I read a ton of Mr. Vonnegut’s stuff when I was in high school, and perhaps in college as well. Loved it. It was among the first stuff I read to be merciless in calling much of the world’s society bullshit, to say that the ideals we proclaimed were not the ones we lived by, and that the world could be set up on entirely different principles than it is and be no less virtuous and ethical. As I got older, I liked his stuff less well. It’s still funny stuff, and I enjoy the structural wildness more than I probably did as a teenager, but I have found that much of society’s bullshit is not, in fact, bullshit, and that a merciless bullshit-caller is not necessarily wiser than a deluded conformist.

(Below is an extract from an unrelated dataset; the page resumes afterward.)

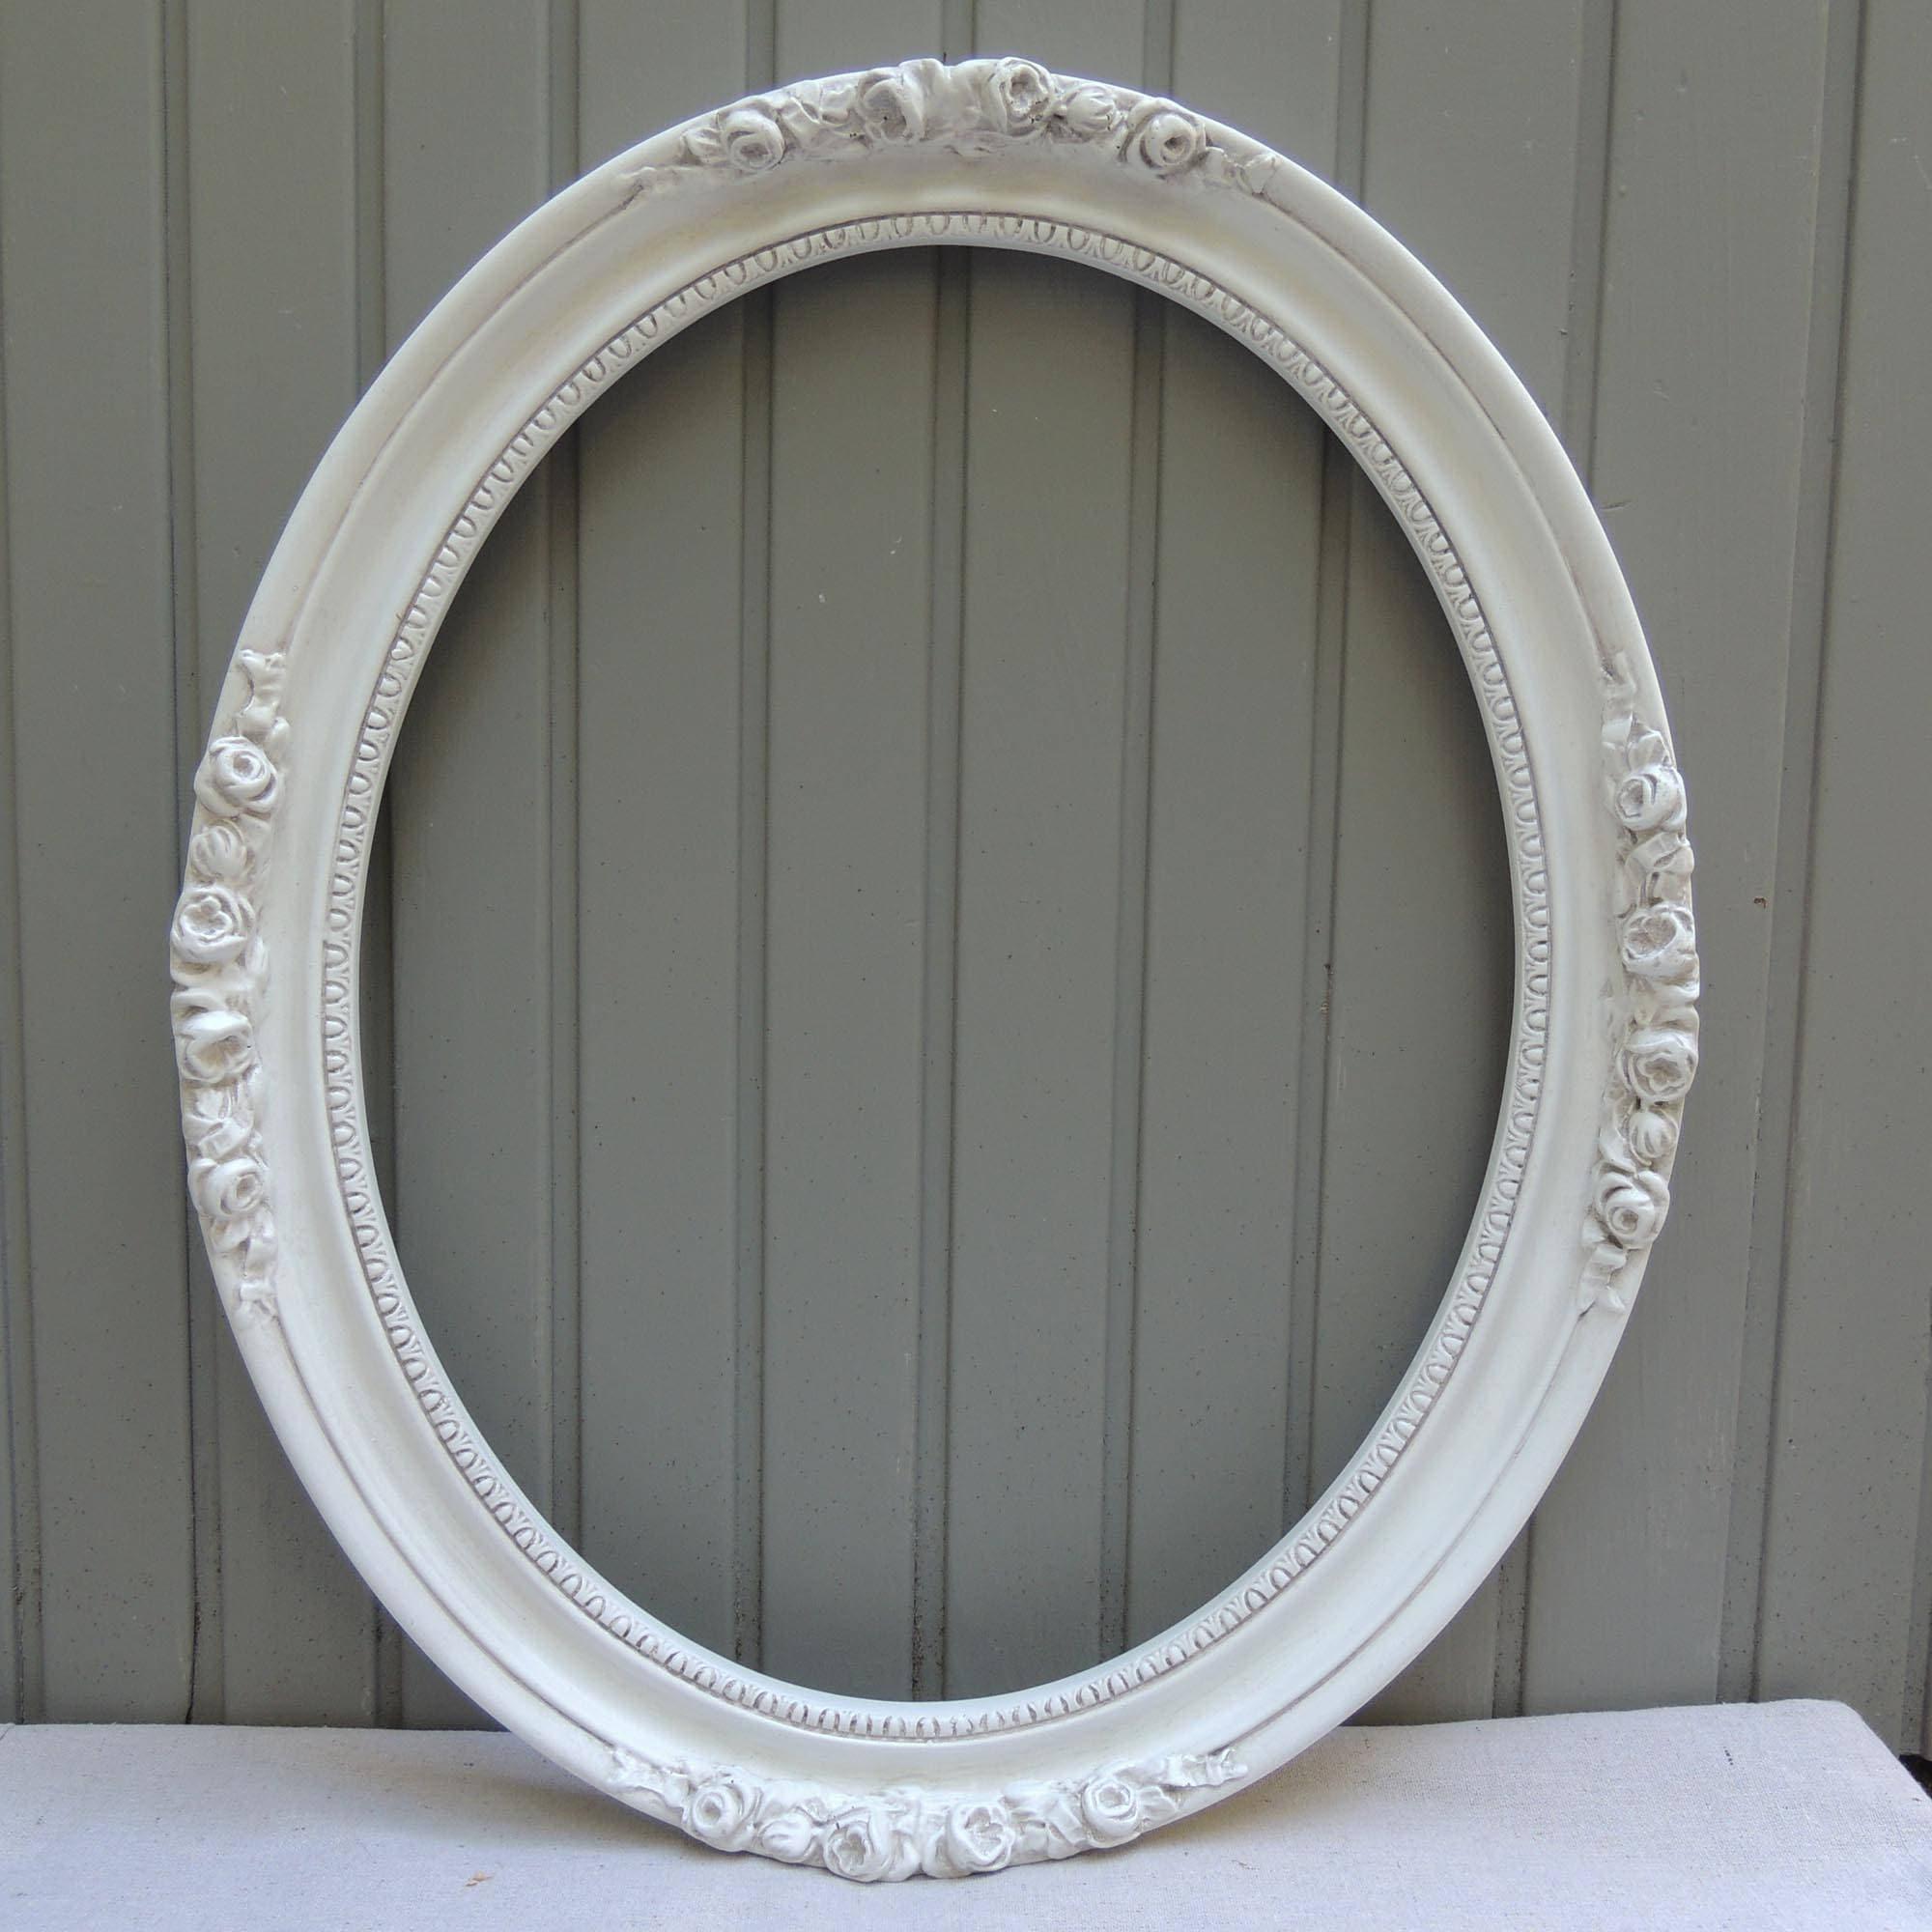 16 x 20 Oval Blanco marco Vintage ovalada, grande Oval marco para ...

Part of that is connected with my adult choice to believe in the Divine, and to connect myself with my religious tradition. I appreciate the ridiculousness of that choice, and of much of the tradition, and yet I made it because there is more to it than the ridiculousness. By doing so, I let myself in for Mr. Vonnegut’s contempt. It’s easier to read his stuff when you are going through an atheist period. I suspect that for people who go through their atheist period and come out atheists, his stuff is still better when they are going through their atheist periods. That’s not necessarily a bad thing. I think everyone should probably go through an atheist period, and that reading Kurt Vonnegut books to spark that period or make it brighter is a pretty good thing, actually.

I suppose I don’t mean that everyone should go through an atheist period, in the sense that people who don’t go through an atheist period are in worse shape for some reason. But I think an atheist period is a good experience for a person to have been through; it prepares you to think about religion seriously. A passionately anti-clerical but theistic period might do the same thing, I suppose. Hard to compare notes.

Tolerabimus quod tolerare debemus,
-Vardibidian.

2 thoughts on “Book Report: A Man without a Country

  1. Matt Hulan

    I opted for the theistic, but passionately anti-clerical choice, and I think everyone here can agree that I tend to talk about religion whimsically.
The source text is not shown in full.